Masker has no required outbound network calls beyond your chosen upstream LLM. If your environment runs the LLM internally — Ollama, vLLM, or your own Azure OpenAI tenant — Masker can run completely offline.

Configure the internal LLM endpoint:

```bash theme={null}
MASKER_OPENAI_BASE_URL=https://internal-llm.your-vpc.example
MASKER_OPENAI_API_KEY=internal-token
```

Masker implements the OpenAI chat-completions API, so any compatible upstream works without code changes.

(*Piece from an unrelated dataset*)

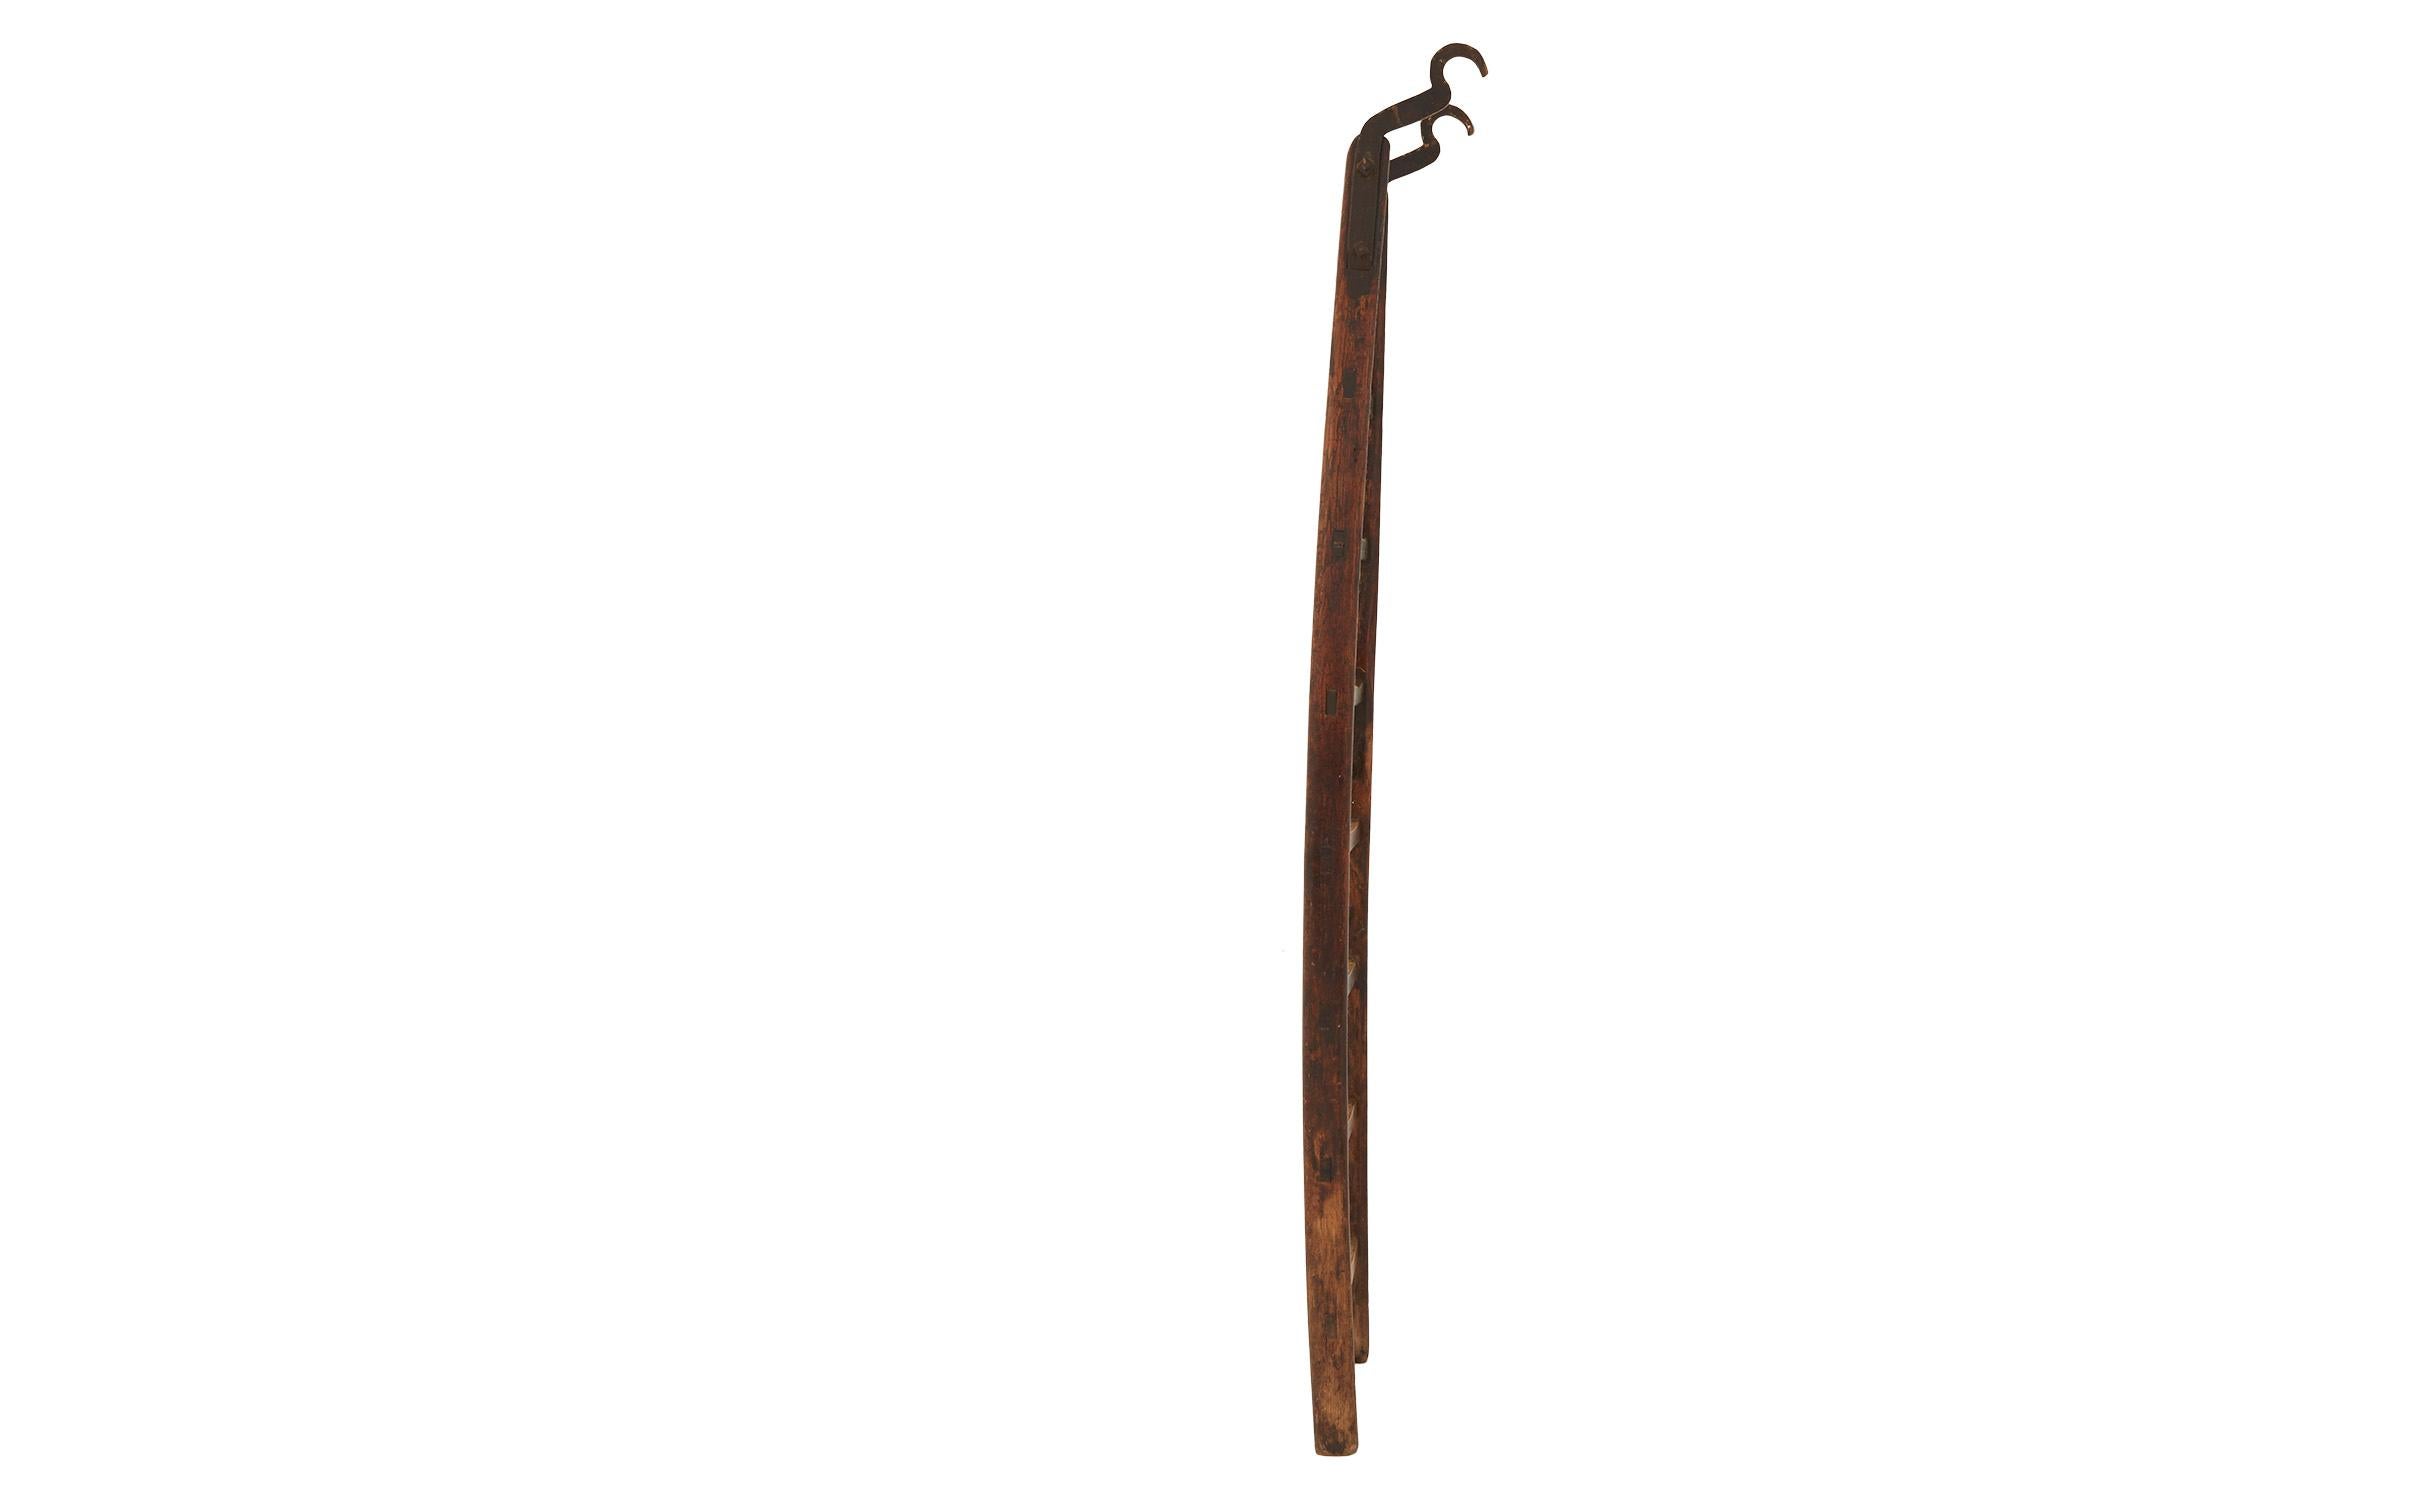 • Patinated wood finish
• Iron hooks
• Early 20th century
• Spain
• Measures: 17

The Gemma-4 NER model ships **inside the container image**. There are no model downloads at runtime, no telemetry, and the container does not phone home.

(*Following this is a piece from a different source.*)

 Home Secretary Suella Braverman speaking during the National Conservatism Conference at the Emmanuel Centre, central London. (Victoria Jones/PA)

For on-premises activation, [contact us](mailto:hello@masker.dev) to request the offline activation flow. It uses a signed license file in place of GitHub OAuth for portal access.

## Health checks

Every Masker deployment exposes a health endpoint you can wire into your load balancer or readiness probe:

```
GET /health
```

A healthy instance returns:

```json theme={null}
{"status":"ok","version":"x.y.z","db":"ok","vault":"ok","upstream":"ok"}
```

## Upgrades

Masker follows semantic versioning. Minor and patch releases are drop-in upgrades. Major releases include a migration note in the GitHub release.

```bash theme={null}
docker pull ghcr.io/masker-dev/masker:latest
docker stop masker && docker rm masker
docker run ...   # same flags, new image
```

Database migrations run automatically at boot. The vault token format (`MSKV1.*`) is forward-compatible across all minor versions.

## Observability

Set `MASKER_METRICS_ADDR` to expose a Prometheus metrics endpoint on that address. Available metrics:

* `masker_requests_total{agent, status}`
* `masker_request_duration_seconds{stage}` — stages: `detection`, `tokenize`, `upstream`, `rehydrate`
* `masker_redactions_total{kind, pass}`
* `masker_vault_size_bytes`

Logs are emitted as JSON to stdout by default. Forward them with your existing pipeline — CloudWatch, Datadog, GCP Logging, or Loki all work without any Masker-specific configuration.

## Current limitations

* No Helm chart yet. Raw Kubernetes manifests only. Helm chart is on the May 30 roadmap.
* No Terraform module yet. Same timeline.
* Each Masker deployment is independent. A multi-tenant control plane is not available in the current release.